Author: Rinsai Rossetti
Release Date: July 19, 2012
A stunningly written tale of an isolated girl and the shape-shifting boy who shows her what freedom could be--if only she has the courage to take it.
Controlled by her father and bound by desert, Frenenqer Paje’s life is tediously the same, until a small act of rebellion explodes her world and she meets a boy, but not just a boy--a Free person, a winged person, a shape-shifter. He has everything Frenenqer doesn’t. No family, no attachments, no rules. At night, he flies them to the far-flung places of their childhoods to retrace their pasts. But when the delicate balance of their friendship threatens to rupture into something more, Frenenqer must confront her isolation, her father, and her very sense of identity, breaking all the rules of her life to become free.
My Thoughts: Before I started The Girl With Borrowed Wings, my sole reason for wanting to read it was the cover. It easily lured me in, and I couldn't stop thinking about what kind of story could be inside a book with such a vibrant and gorgeous cover. Reading the summary made my curiosity grow even more. There are tons of books out there with amazing covers but with stories that don't live up to their covers' greatness. I had a good feeling about The Girl With Borrowed Wings though, and while it took some time for me to fall in love completely, it ended up being much more satisfying than I expected.
I wasn't prepared for this story at all. It really surprised me. The first couple of chapters were interesting, but I admit I wasn't exactly wow-ed. I remembered thinking, 'Where is this all going?' I came in with some expectations and was nervous when none were met right away. All I had to do was wait and be patient, though, because this story eventually crept up on me. I remember the exact moment when I suddenly realized I was in love with this book. It was an amazing feeling! However, at the same time, the moment I realized how much I cared was a moment during the book that had my heart breaking into pieces. It was very bittersweet.
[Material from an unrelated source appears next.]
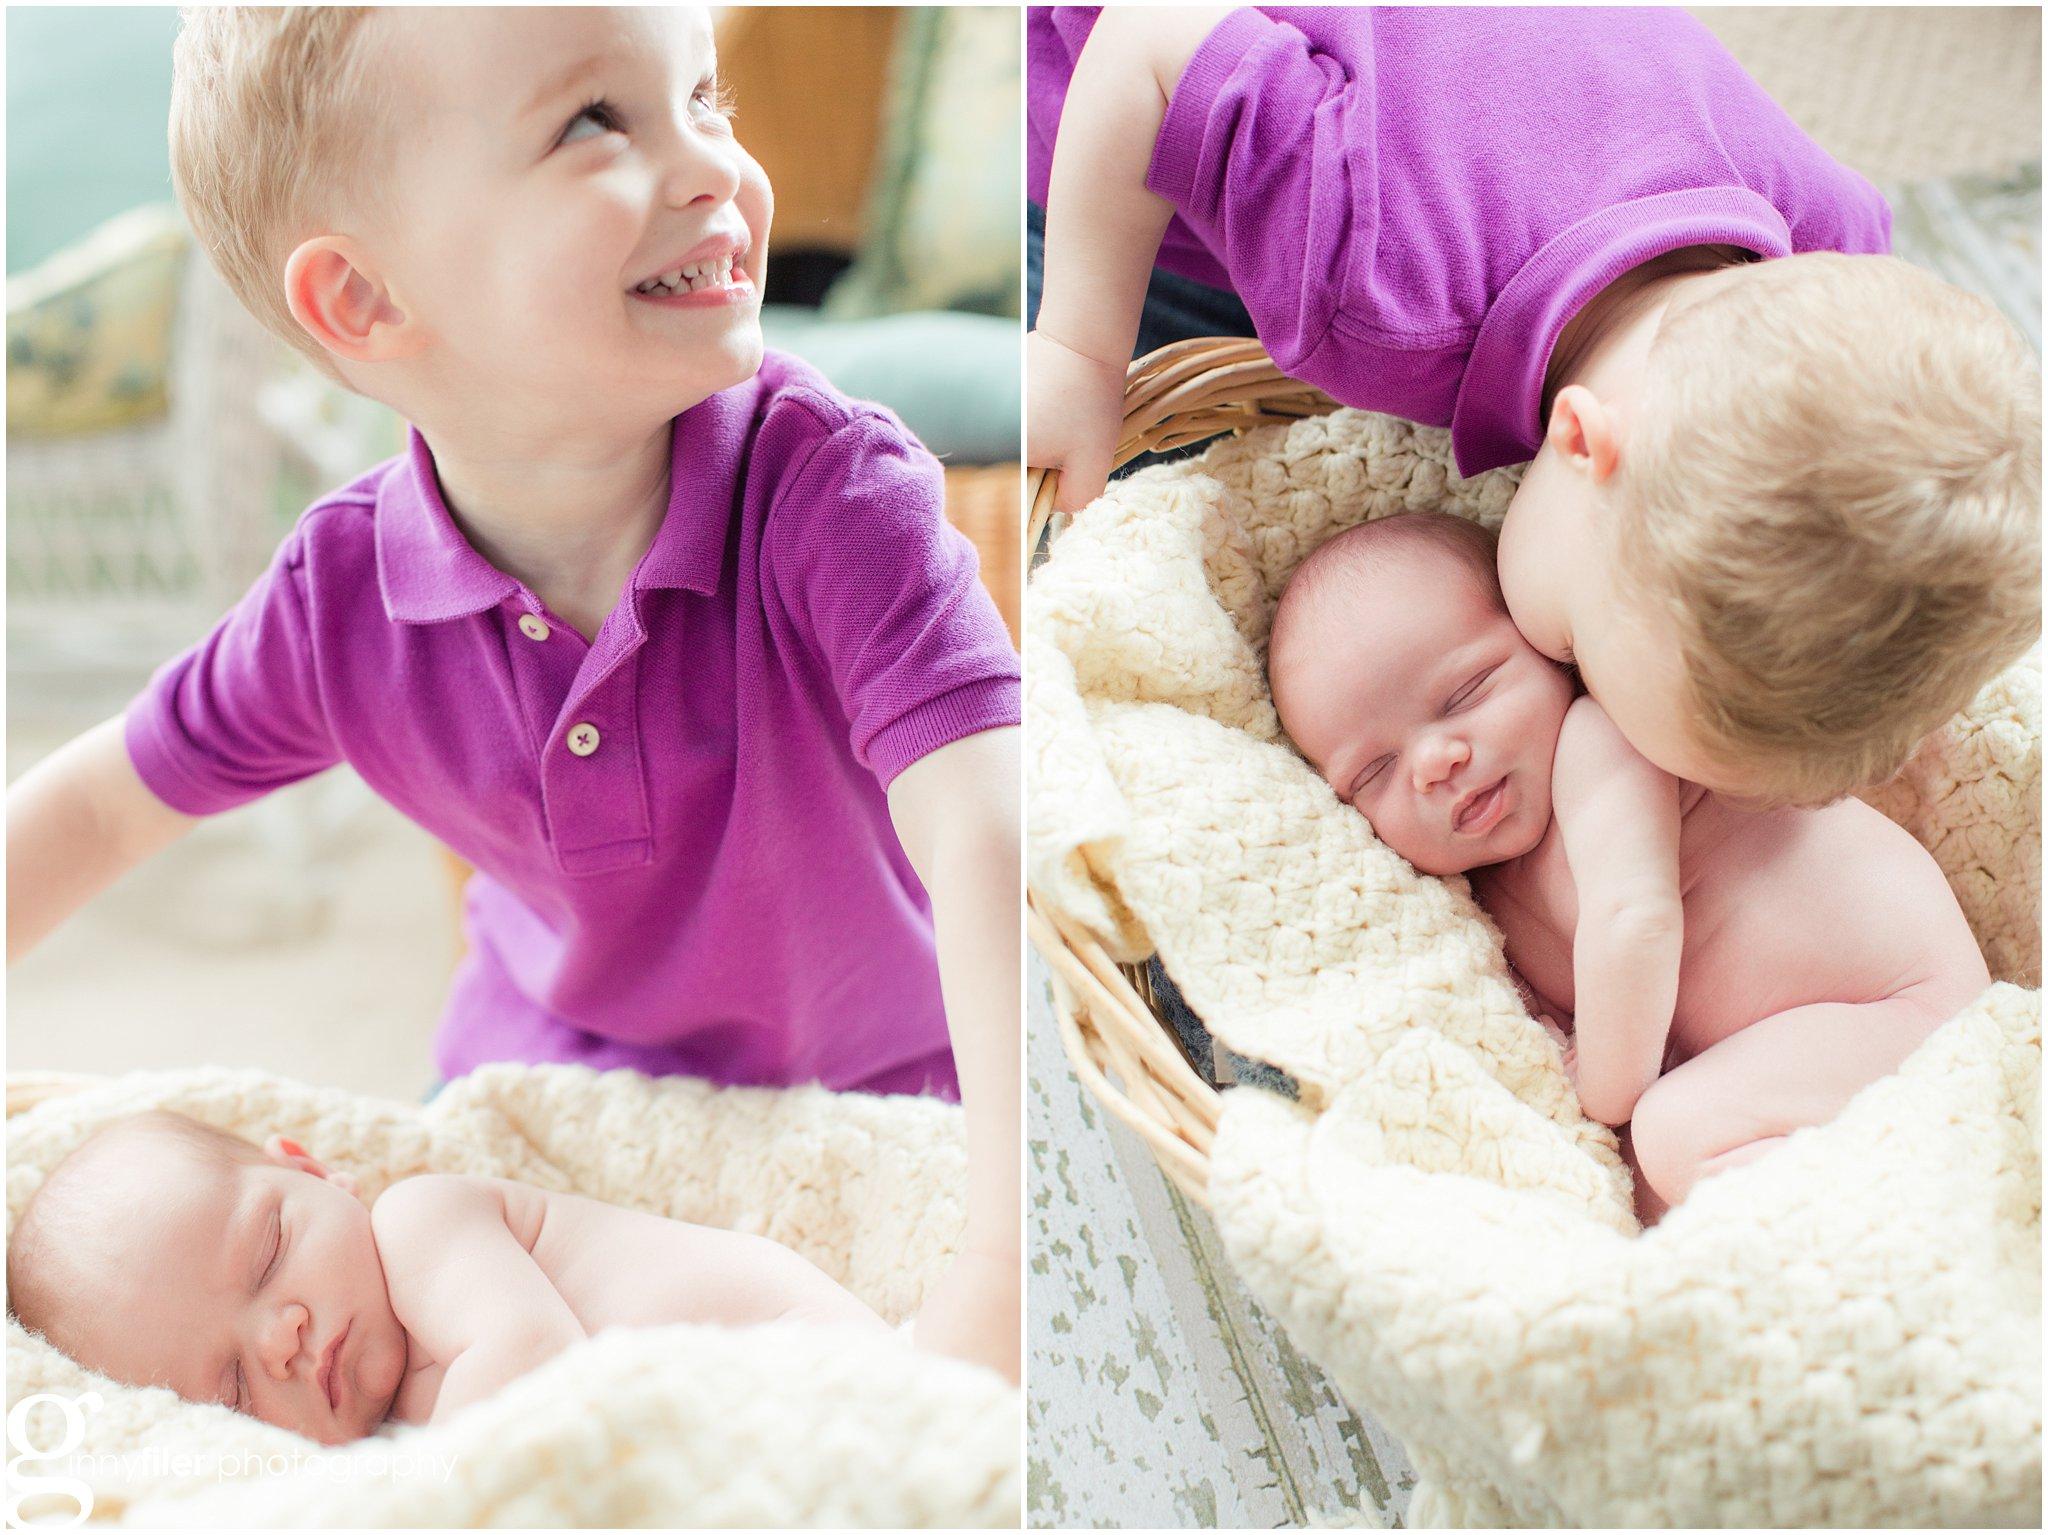 newborn_baby_boy_photography_blue_0021.jpg

In the beginning, it almost sounded like the main character Frenenqer was a wingless angel and that her father was God. I started believing that was the case because of the cover. This book actually wasn't about angels, but in a way, the father and God comparison was true. Frenenqer was an isolated and lonely girl who wanted to be free and her father was a controlling bastard with twisted ideas. I desperately wanted her father to be thrown over a cliff into crocodile-infested water. I wanted Frenenqer to take Sangris (who will I get to in a bit) up on his offer to rip her father to shreds. I don't think I've ever hated a character as much as I hated Frenenqer's father. In his goal to create the perfect daughter, he came off as an emotionless, out-of-touch prick. I won't say more because you'll have to see for yourself. Besides, it's time to focus on better things, like what made this book for me: Frenenqer and Sangris.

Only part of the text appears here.